Si vous êtes un automobiliste régulier, la récente baisse du prix des carburants ne vous a pas échappé. À la pompe, la facture est désormais moins salée, mais rien ne garantit que cette diminution soit pérenne. Dans ce contexte, c'est une fonctionnalité assez pratique que Google a décidé d'importer en France. À travers son application Maps, la firme américaine proposera désormais aux conducteurs de véhicules thermiques des itinéraires permettant de réduire la consommation.
Jusqu'alors testée dans plusieurs pays parmi lesquels les États-Unis ou le Canada, cette option est censée faire réaliser des économies, tant en carburant qu'en argent. L'idée est au fond assez simple : il s'agit de prendre en compte non seulement la distance totale à parcourir, mais également la topographie des zones traversées. Éviter par exemple une montée très raide ne faisant gagner que quelques dizaines sur un autre chemin, exploiter des descentes, mais aussi s'appuyer sur les vitesses légales en fonction des différents tronçons ou sur l'état du trafic à un instant T.
"Nous estimons qu'opter pour des itinéraires respectueux de l'environnement permettrait d'éviter plus d'un million de tonnes d'émissions de carbone par an, ce qui équivaut à retirer plus de 200.000 voitures de la route", écrivait Google voilà quelques mois. Notons qu'au cours des semaines à venir, cet outil devrait continuer à évoluer, en permettant aux usagers de renseigner la motorisation de leur véhicule. Une manière d'affiner encore davantage les résultats fournis par Maps. "Les moteurs diesel sont souvent plus économes à des vitesses élevées que les moteurs essence, tandis que les véhicules hybrides et électriques offrent de meilleures performances en trafic discontinu", souligne la firme américaine.
En pratique, le fonctionnement de cet outil ne révolutionnera pas votre usage de cette plateforme. Lorsque vous renseignerez les adresses de départ et d'arrivée, plusieurs itinéraires continueront à vous être proposés. L'évolution tient au fait qu'une icône vous signalera lequel des différents chemins sera le plus économe. À une condition toutefois : que le plus court ne soit pas déjà celui permettant le plus d'économies de carburant. Il est fort probable que ces itinéraires "bis" puissent rallonger quelque peu vos trajets, mais la perte de temps ne sera généralement que d'une poignée de minutes. Négligeable, donc, en comparaison des gains escomptés : les économies possibles pourraient en effet atteindre 30% de carburant.

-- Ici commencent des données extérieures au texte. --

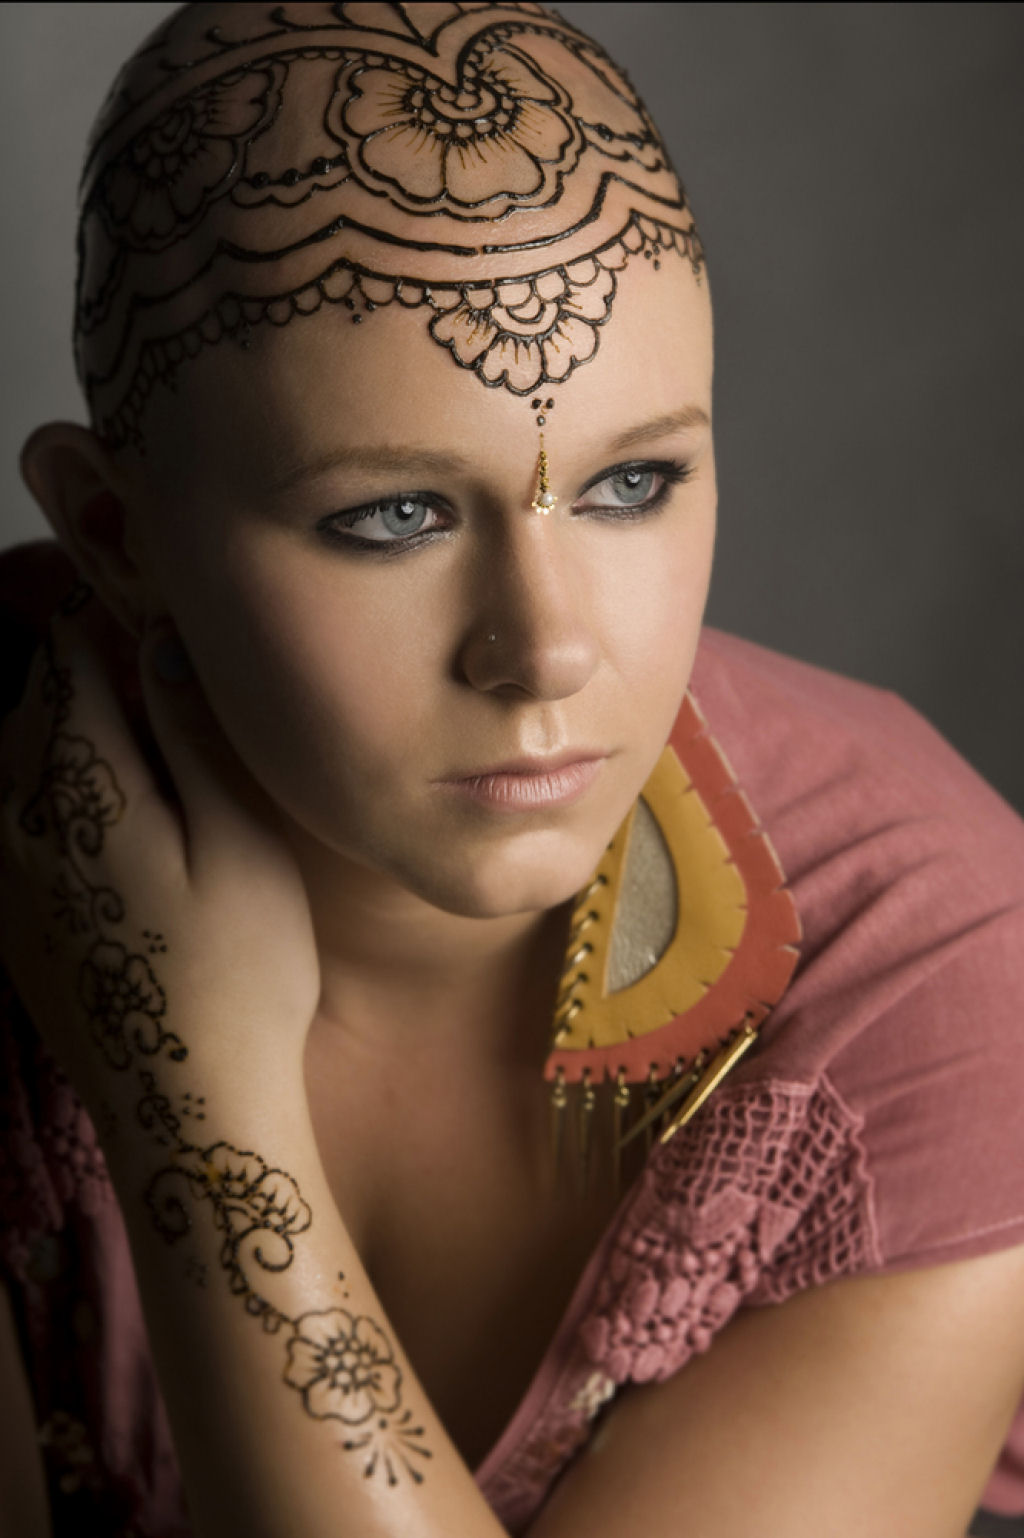 Organização fornece tatuagens de henna para elevar autoestima de mulheres  com câncer - Guiame

L'ancienne ministre et cheffe de file des écologistes, Cécile Duflot, s'est réjouie sur Twitter de la mise en place de cette nouvelle fonctionnalité. Une "très bonne initiative", selon ses mots. Elle a en passant appelé de ses vœux la conception d'une "option avec une vitesse maxi de 110 km/h", potentiellement "très utile aux jeunes conducteurs et à tous ceux qui pourront arbitrer temps/consommation/économies".